Likewise, Deleuze (who was attacked as obscuritanist by Alan Sokal and Richard Dawkins)
was doing something very specific and deliberate with his work. On the one hand, he was
deliberately and intentionally using, misusing, and abusing concepts and wanted to leave
his own work open for others to use, misuse, and abuse (this is a big part of his theory of
repetition, see: Difference and Repition). On the other, he was concerned with "speed of
thought" and didn't want to be slowed down by having to make sure that his theories were
perfectly penetrable and accessible to all. (For an extremely accessible intro to Deleuze's
thought, look up Manuel Delanda's lectures freely available on youtube. Likewise consider
reading the essay by Paul Patton "Concept in Deleuze and Derrida.")

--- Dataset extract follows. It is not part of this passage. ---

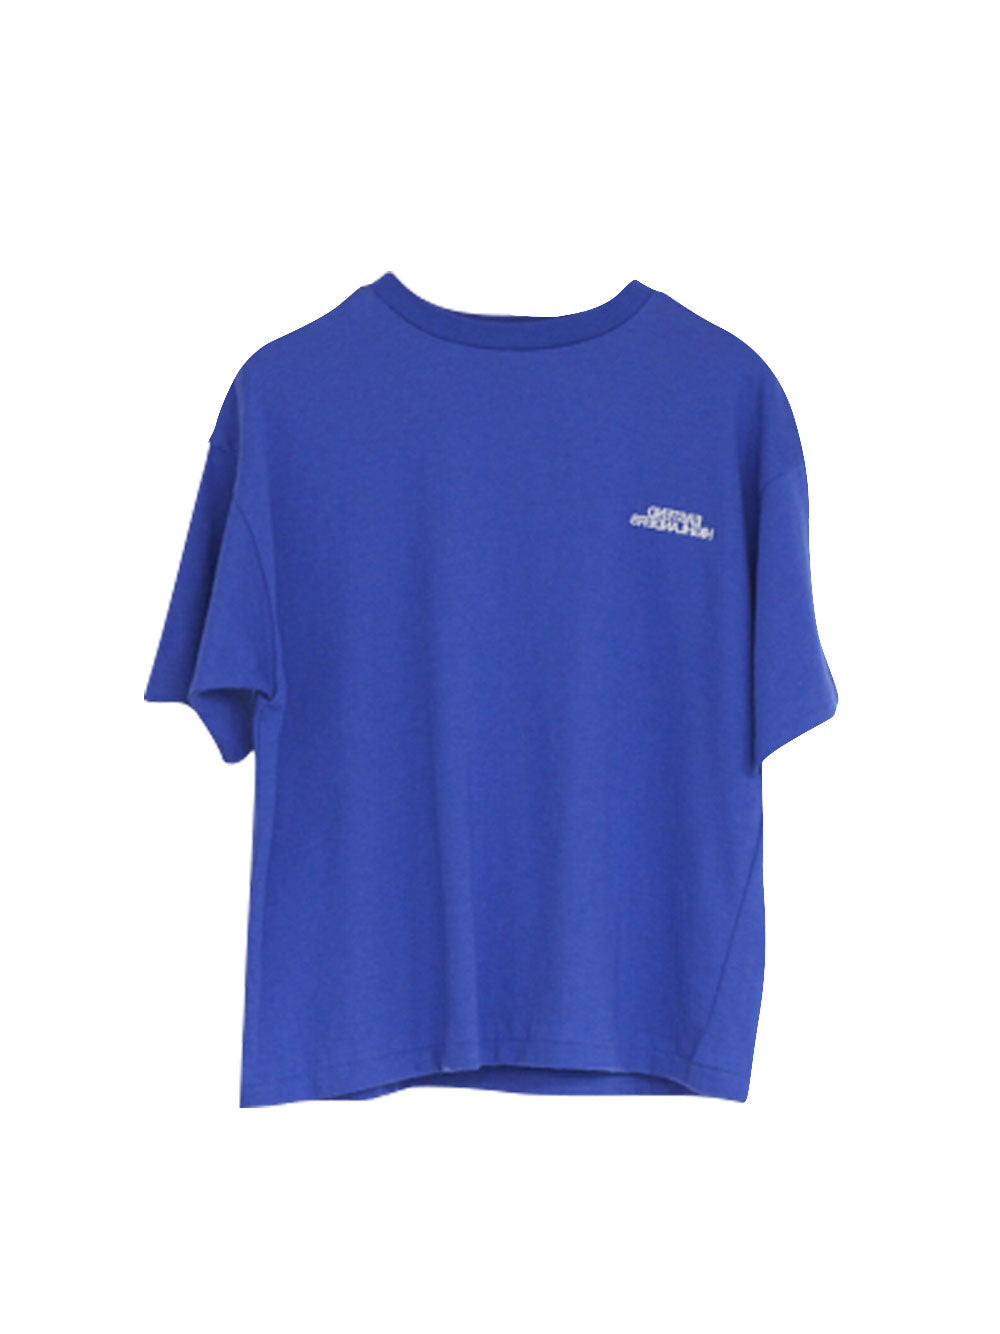 Round Neck Blue T-Shirt

Let me quote Bourdieu's Preface to the English Language edition of Distinctions: "Likewise,
the style of the book, whose long, complex sentences may offend--constructed as they are
with a view to reconstituting the complexity of the social world in a language capable of
holding together the most diverse things while setting them in a rigorous perspective--stems
partly from the endeavor to mobilize all resources of the traditional modes of expression,
literary, philosophical or scientific, so as to say things that were de facto or de jure excluded
from them, and to prevent the reading from slipping back into the simplicities of the smart
essay or the political polemic." Sadly, I would charge Searle of such a simplistic rhetorical
polemic! A line of Judith Butler (who I think can be far too obscuritanist!) adequately sums
up a lot of these thoughts; simply: "What does transparency obscure?"
Perhaps Searle is right, that Foucault was subject, in part, to the codifications of French/
German philosophy and academia. But then he cannot escape the fact that he is subject to
similar codifications which simply takes something (clarity of expression) as its object and
only happens to be opposed to some forms of French/ German expression. If anything,
Searle's theories, as he explains them here, are far more dangerous than any
obscuritanism could be insofar as he considers his presuppositions universal and perhaps
even morally right. My advice, do not confuse "I do not understand" with "This is too
obscure." "I do not understand" might lead to the conclusion that "This is too obscure" but I
promise you, you will pick up a lot of beautiful knowledge along the way.